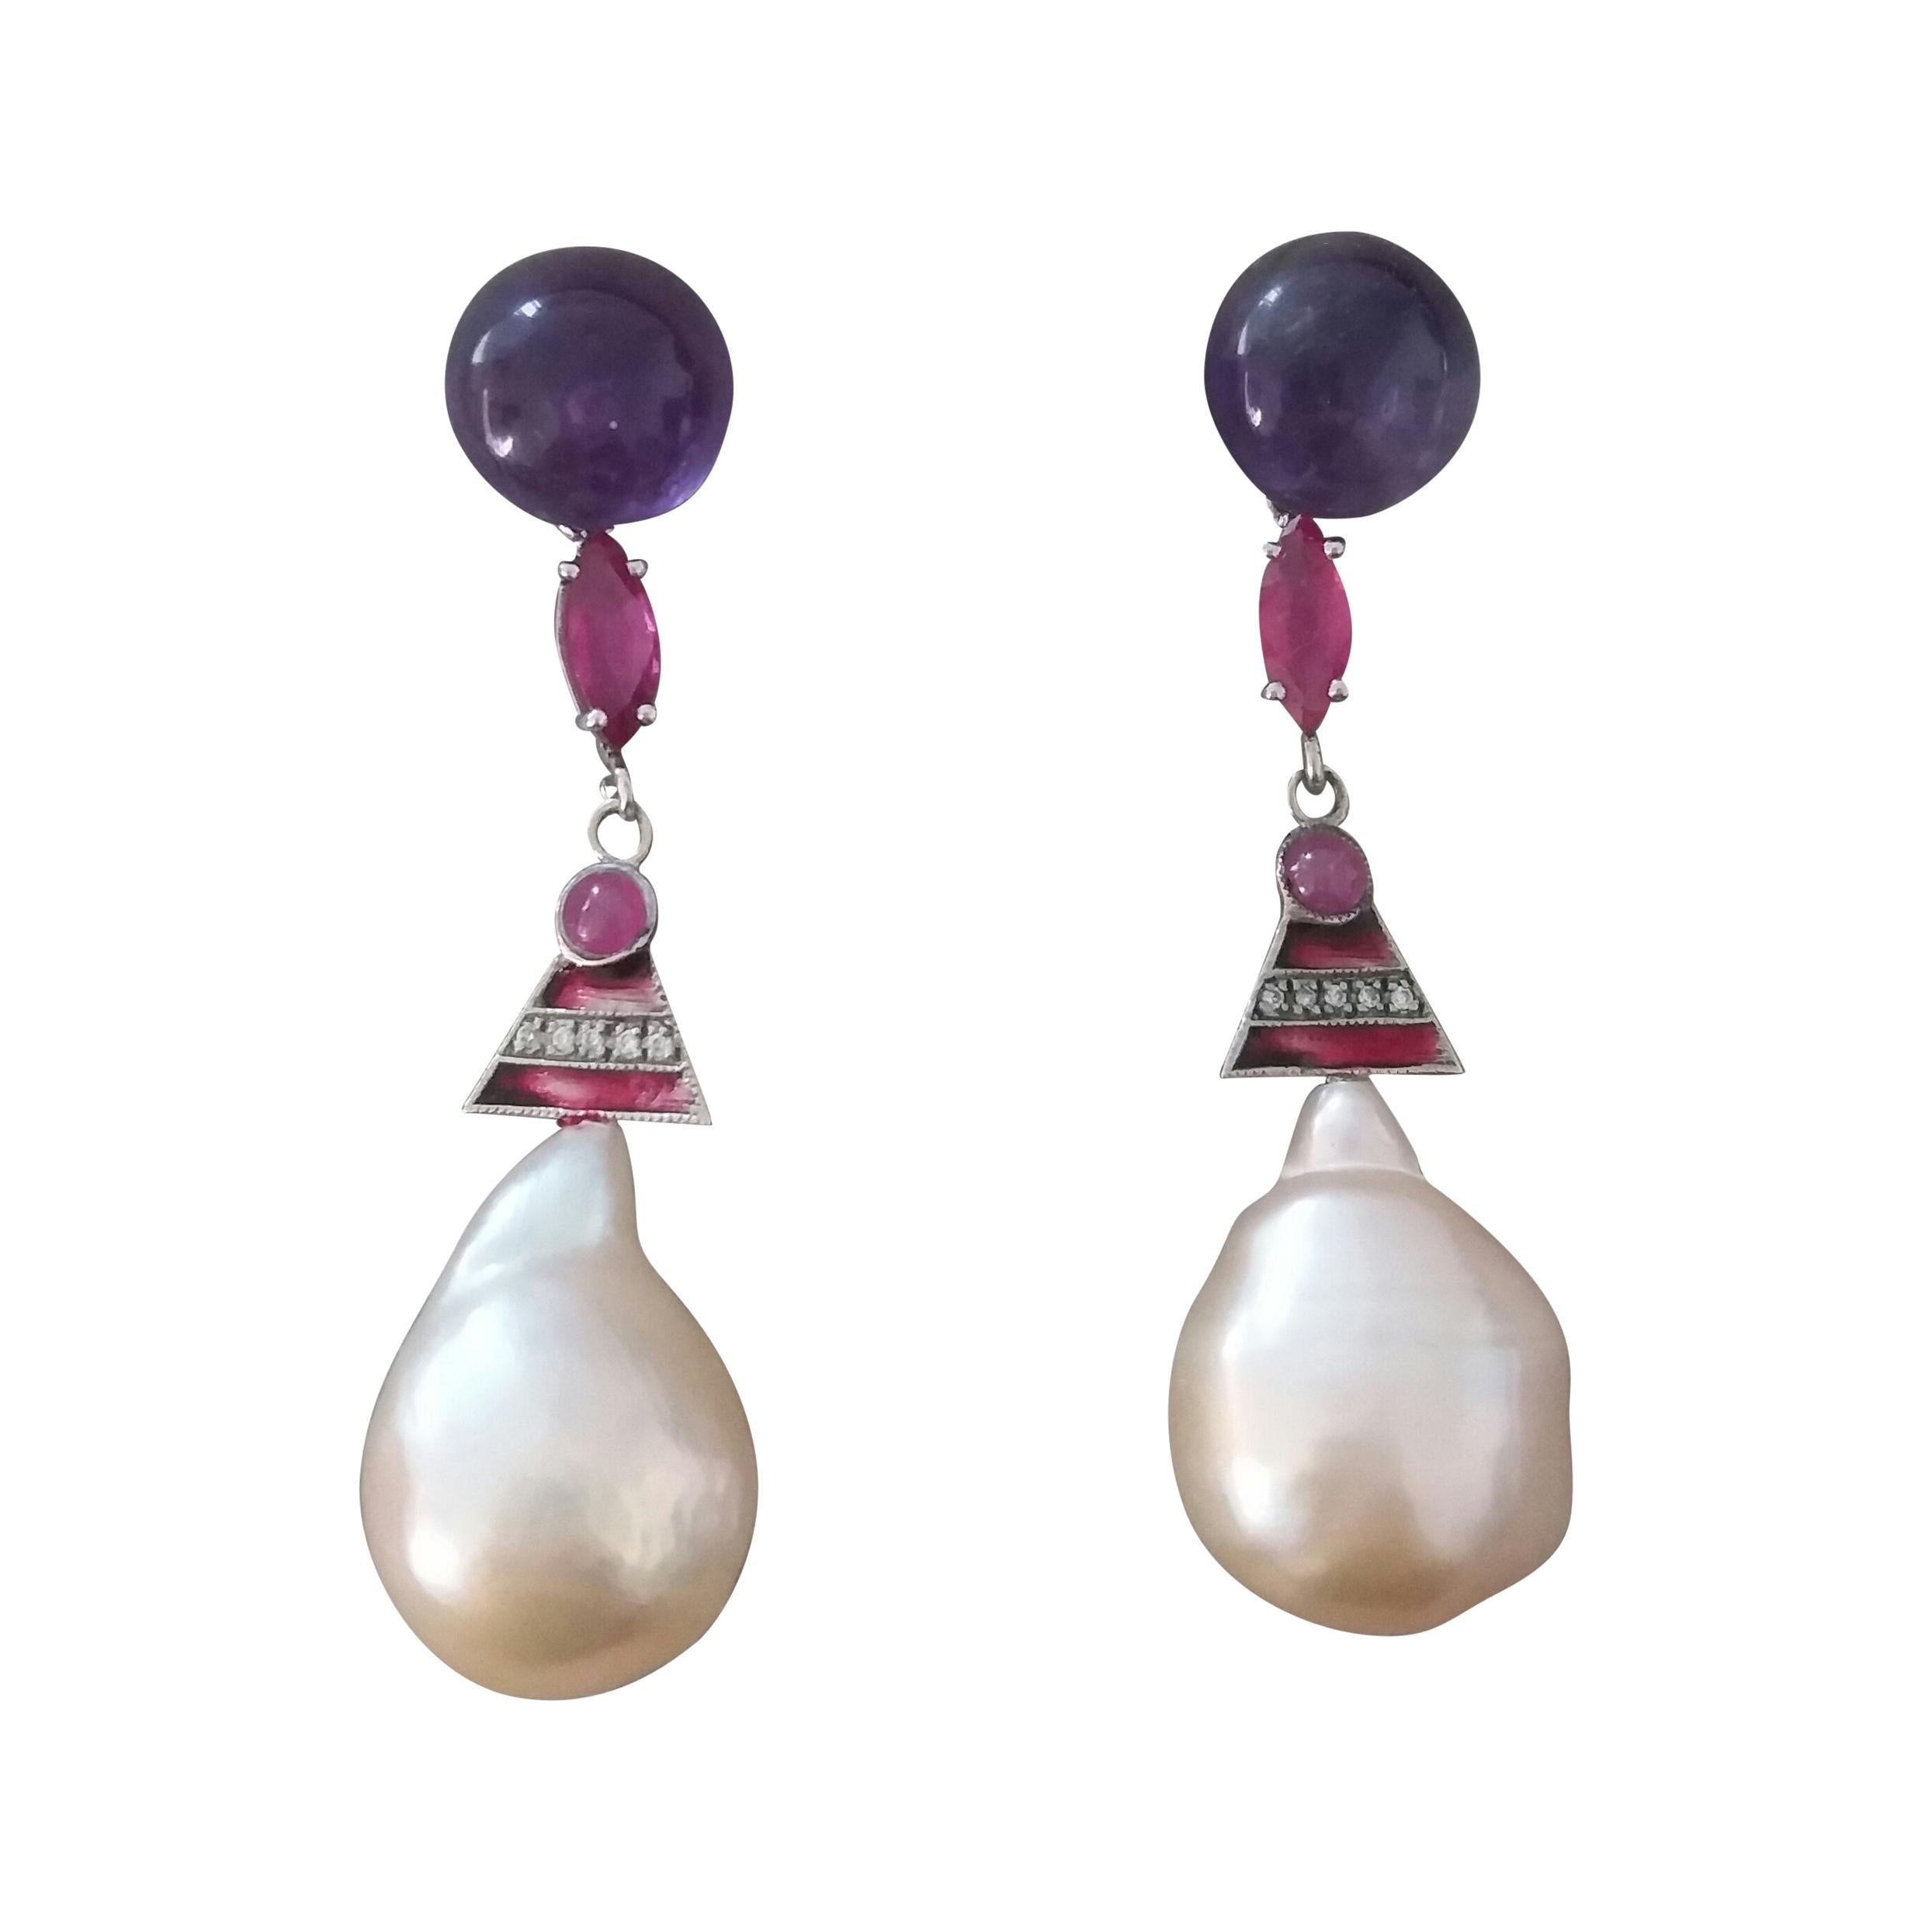 Boucles d'oreilles de style Art déco en or, améthyste, rubis, émaux, diamants et perles baroques crème
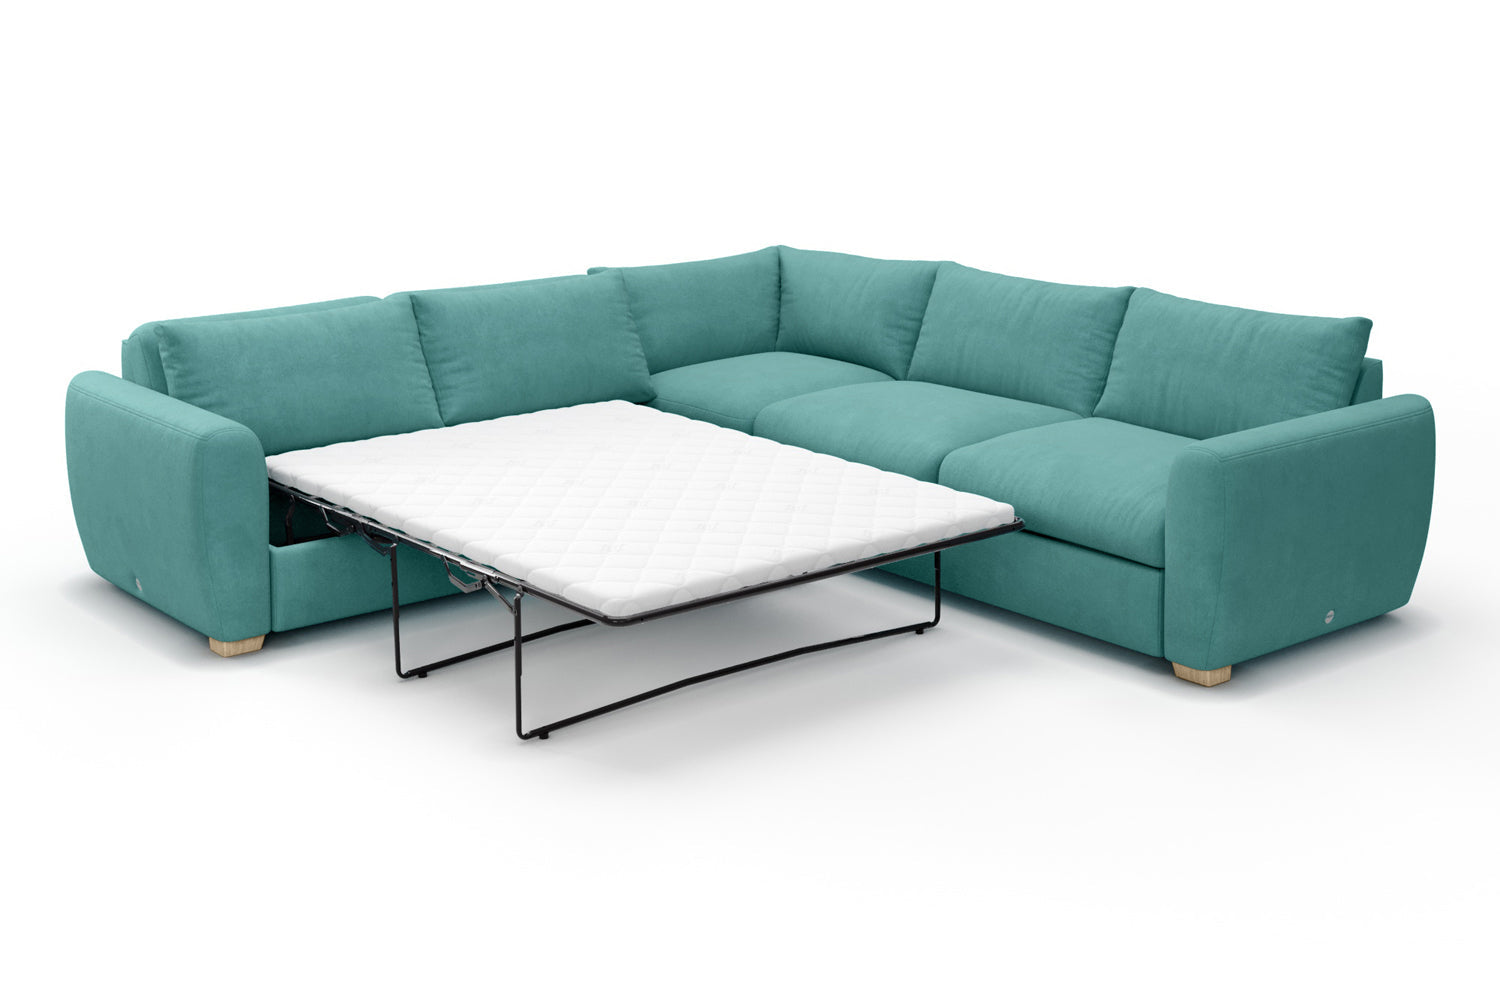 SNUG | The Cloud Sundae Corner Sofa Bed in Soft Teal
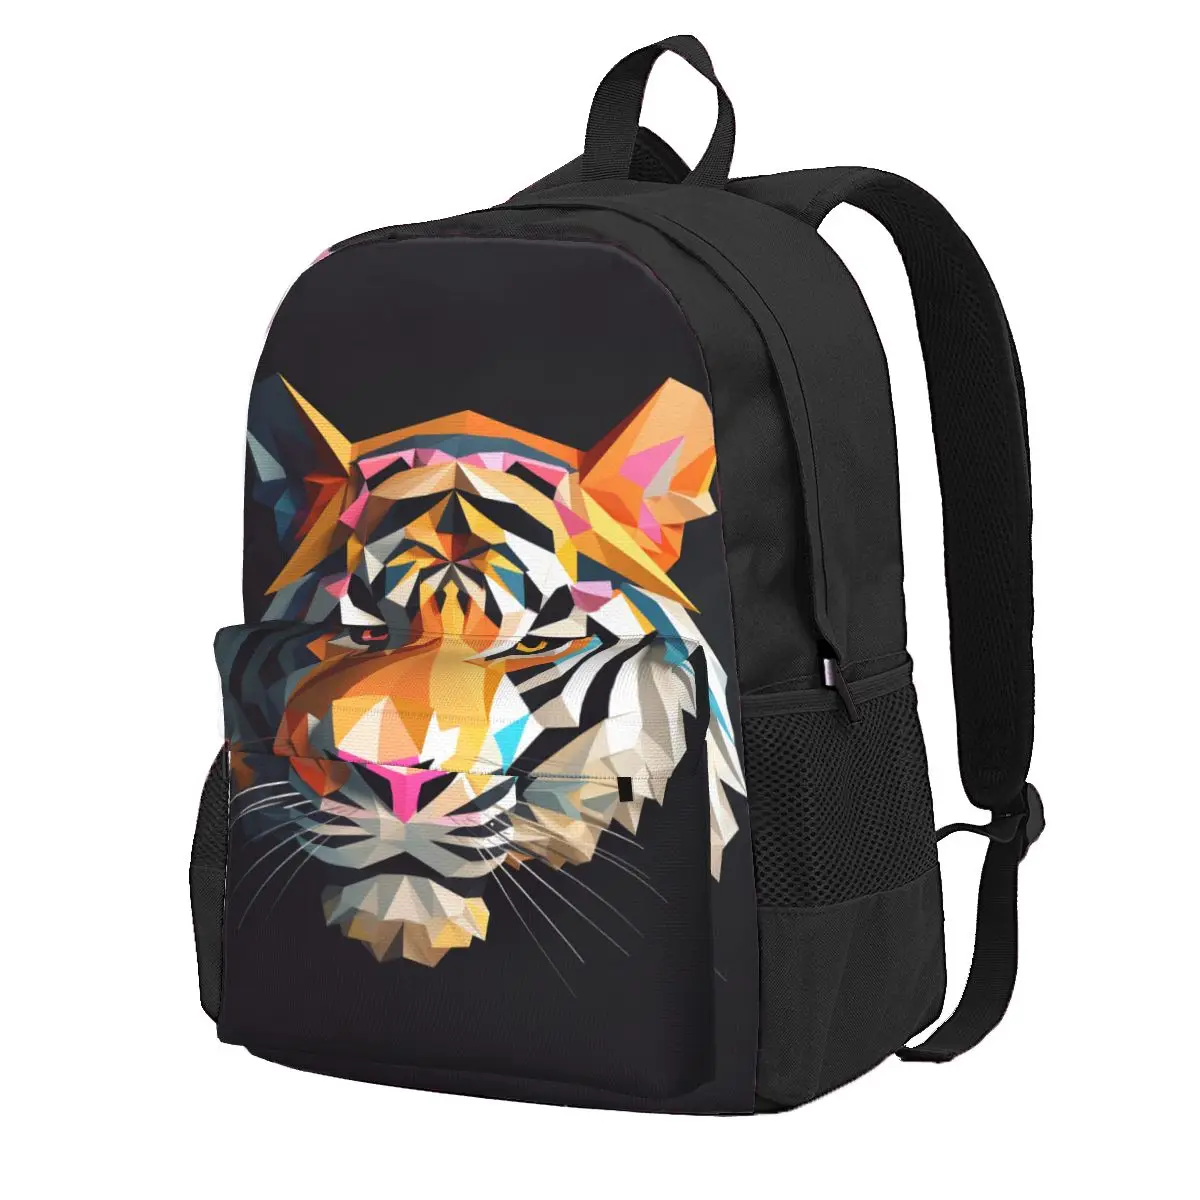 

Большой женский рюкзак с принтом тигра, полиэстеровый ранец с геометрическим рисунком, цветные школьные ранцы для улицы
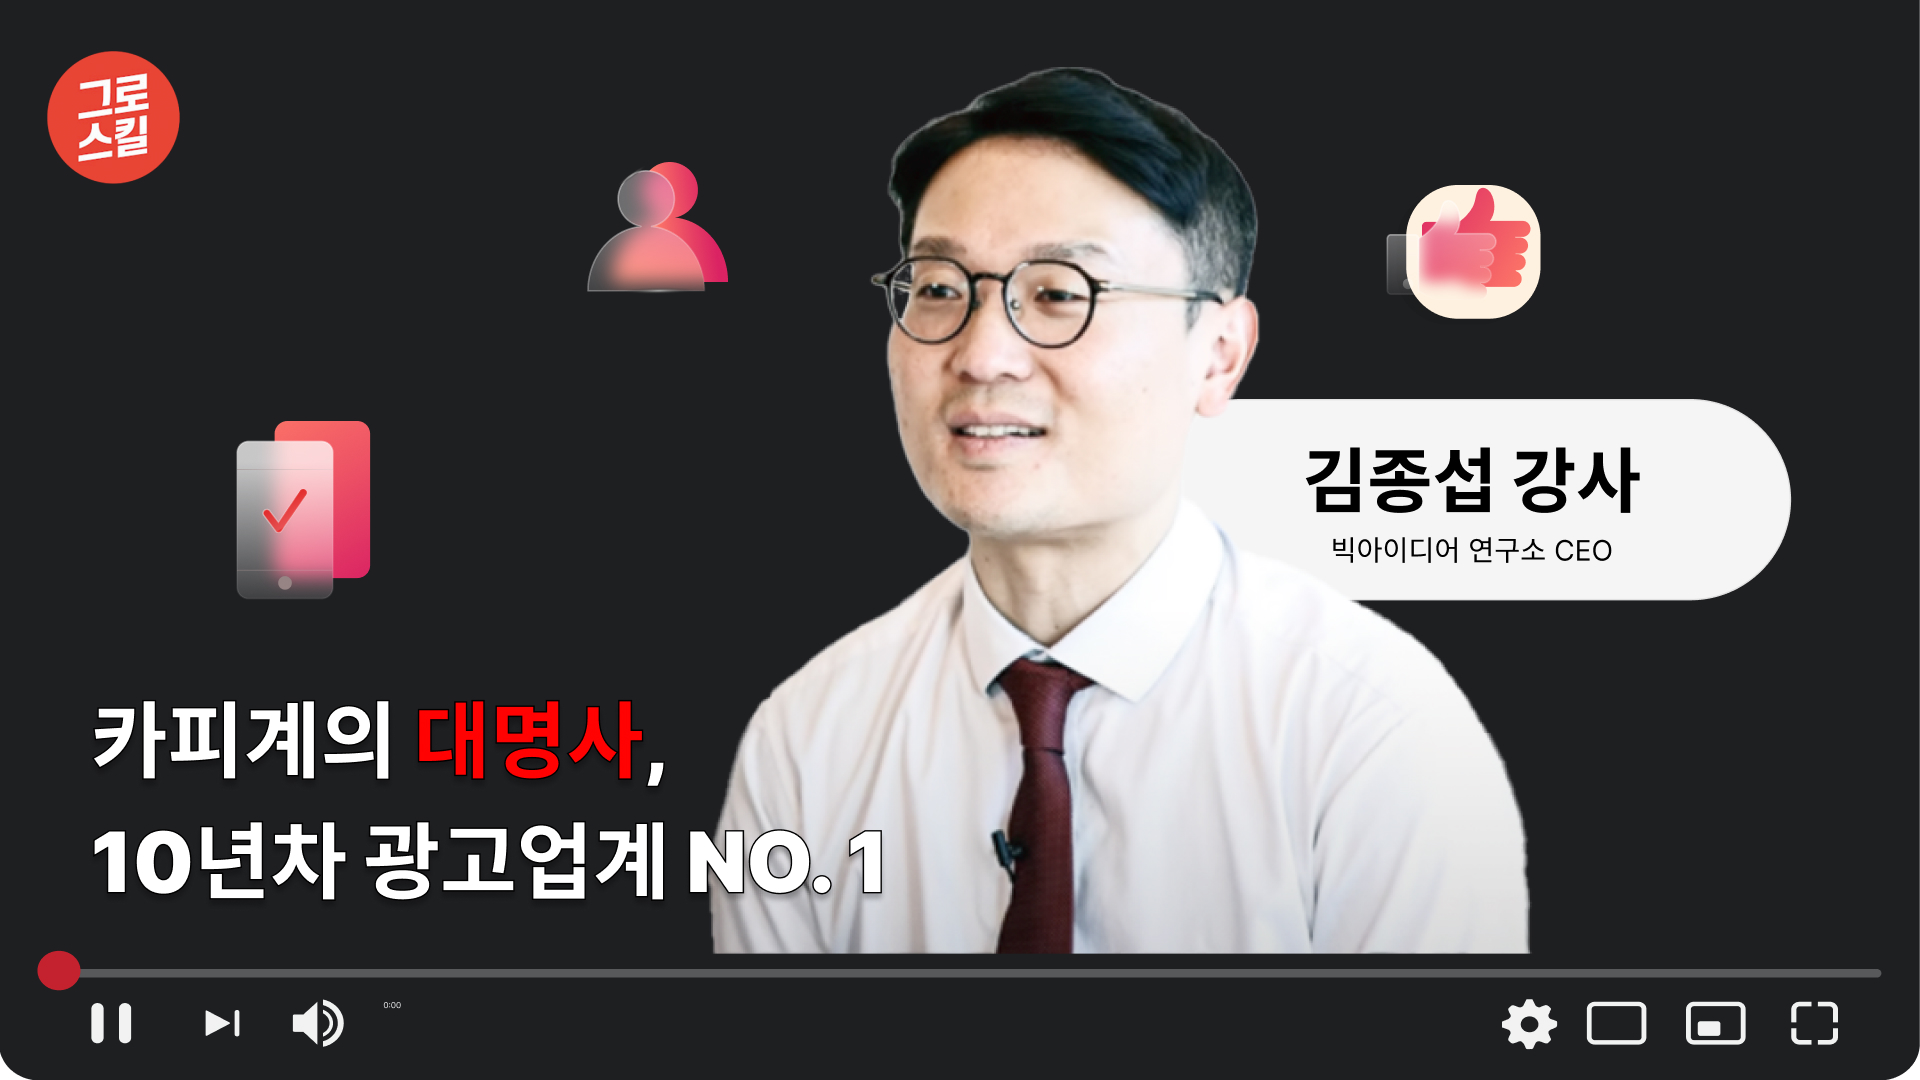 (3분카피챌린지) 업계 NO1 김종섭 강사님의 카피라이팅

----------

> **TASK STATEMENT**
Word for word, restate every line of the listing, omitting the pictures.

> **SOLVED PROBLEM**
 Boucles d'oreilles de style Art déco en or, améthyste, rubis, émaux, diamants et perles baroques crème
 SNUG | The Cloud Sundae Corner Sofa Bed in Soft Teal

Большой женский рюкзак с принтом тигра, полиэстеровый ранец с геометрическим рисунком, цветные школьные ранцы для улицы
 (3분카피챌린지) 업계 NO1 김종섭 강사님의 카피라이팅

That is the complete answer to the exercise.